We love cruising there on our Eagle 40 pilothouse trawler, Mischief, but found neither our experience throughout the South Coast nor the guidebooks fully prepared us for this new area. So, here are some thoughts about the boat, navigation, anchoring, and living aboard that we have discovered from cruising the North Coast.

The Boat

Good news, even though most of the boats we encountered on the North Coast tend to be large, so long as you choose suitable sea and wind conditions for your craft and your experience, almost any boat can cruise this wilderness paradise. It’s how you manage the boat that makes the difference when cruising a remote area like the North Coast.

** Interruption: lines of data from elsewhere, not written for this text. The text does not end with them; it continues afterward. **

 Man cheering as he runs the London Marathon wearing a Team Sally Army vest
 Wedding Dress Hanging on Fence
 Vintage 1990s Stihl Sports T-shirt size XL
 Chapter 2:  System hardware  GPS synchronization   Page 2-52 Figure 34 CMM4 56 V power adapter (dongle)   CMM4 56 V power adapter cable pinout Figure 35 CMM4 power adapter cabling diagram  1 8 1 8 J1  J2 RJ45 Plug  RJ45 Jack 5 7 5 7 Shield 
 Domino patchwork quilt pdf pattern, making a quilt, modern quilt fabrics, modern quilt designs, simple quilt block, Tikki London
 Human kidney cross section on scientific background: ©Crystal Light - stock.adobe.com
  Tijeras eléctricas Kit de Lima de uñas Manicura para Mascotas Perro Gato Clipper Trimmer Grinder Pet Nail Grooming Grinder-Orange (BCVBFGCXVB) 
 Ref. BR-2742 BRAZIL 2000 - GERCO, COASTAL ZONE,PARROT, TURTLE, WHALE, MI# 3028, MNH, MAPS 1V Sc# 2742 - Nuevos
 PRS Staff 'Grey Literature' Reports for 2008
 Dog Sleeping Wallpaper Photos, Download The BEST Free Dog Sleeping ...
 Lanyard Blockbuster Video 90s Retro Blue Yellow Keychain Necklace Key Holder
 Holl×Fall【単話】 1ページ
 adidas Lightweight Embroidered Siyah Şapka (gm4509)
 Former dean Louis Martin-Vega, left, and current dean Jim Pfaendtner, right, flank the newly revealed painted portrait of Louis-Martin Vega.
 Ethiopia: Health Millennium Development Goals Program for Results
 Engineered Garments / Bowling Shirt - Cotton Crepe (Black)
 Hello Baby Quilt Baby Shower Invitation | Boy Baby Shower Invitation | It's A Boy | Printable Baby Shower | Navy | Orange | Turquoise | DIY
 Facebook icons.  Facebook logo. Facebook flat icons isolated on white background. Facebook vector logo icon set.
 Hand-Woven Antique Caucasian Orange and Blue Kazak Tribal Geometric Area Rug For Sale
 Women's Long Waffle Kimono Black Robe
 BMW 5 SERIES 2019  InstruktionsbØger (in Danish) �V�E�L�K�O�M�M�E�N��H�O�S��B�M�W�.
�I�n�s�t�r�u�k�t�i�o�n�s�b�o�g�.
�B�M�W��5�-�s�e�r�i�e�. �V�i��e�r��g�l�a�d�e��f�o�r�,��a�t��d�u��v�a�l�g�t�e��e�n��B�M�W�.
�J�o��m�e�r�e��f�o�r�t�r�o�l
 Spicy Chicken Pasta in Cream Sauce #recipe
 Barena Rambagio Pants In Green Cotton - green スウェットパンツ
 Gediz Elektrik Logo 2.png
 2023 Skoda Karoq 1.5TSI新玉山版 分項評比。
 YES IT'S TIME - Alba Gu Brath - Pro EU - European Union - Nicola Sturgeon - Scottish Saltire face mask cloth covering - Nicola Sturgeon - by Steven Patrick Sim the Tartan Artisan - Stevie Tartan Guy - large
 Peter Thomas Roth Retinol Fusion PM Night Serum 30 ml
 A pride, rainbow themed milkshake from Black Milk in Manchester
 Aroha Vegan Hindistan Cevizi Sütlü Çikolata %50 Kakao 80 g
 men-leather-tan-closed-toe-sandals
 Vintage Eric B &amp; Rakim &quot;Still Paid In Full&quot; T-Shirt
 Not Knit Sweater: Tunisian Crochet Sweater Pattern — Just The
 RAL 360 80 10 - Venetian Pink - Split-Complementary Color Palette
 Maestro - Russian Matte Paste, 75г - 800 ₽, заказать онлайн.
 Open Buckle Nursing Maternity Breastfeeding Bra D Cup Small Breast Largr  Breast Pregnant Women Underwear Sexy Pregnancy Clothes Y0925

Be failure-proof as much as you can. This means preparing redundant systems and workaround procedures for as much of the unexpected as possible. On one trip, most of our problems were related to the house batteries and luckily we had more than one way to charge them.

Take critical spare parts with you. We’ve used some of our spares on every trip, and were glad we had them. There is no real marine supply store for a stretch of almost 300 miles between Port Hardy on the northern tip of Vancouver Island and Prince Rupert, which is only about 20 miles south of the Alaska border.

Plan for engine maintenance, such as oil changes, during the trip. Yes, this means sailboats too. With a lack of wind in the summer months, you probably won’t be sailing as much as you’d hope, so the engine hours tend to pile up. There is boatyard-type service available in Shearwater, but that’s the only place until you get to Prince Rupert. And they tend to be very busy, so expect to wait. We inquired about getting help for our battery problems and were told the marine electrician wouldn’t actually arrive for another 10 days and there was already a two week waiting list. In other words, building skills in advance and bringing tools that allow you to do a bit of your own basic engine work is a very good idea as you travel farther north.

Navigation

Even the direct route taken by ferries, cruise ships, and tugs will have its navigational challenges. But for almost every cruiser, most of your North Coast exploration will be off that route and into the intricate fjords of the mainland side or the myriad islands and passages of the ocean side — and that raises the degree of navigational difficulty.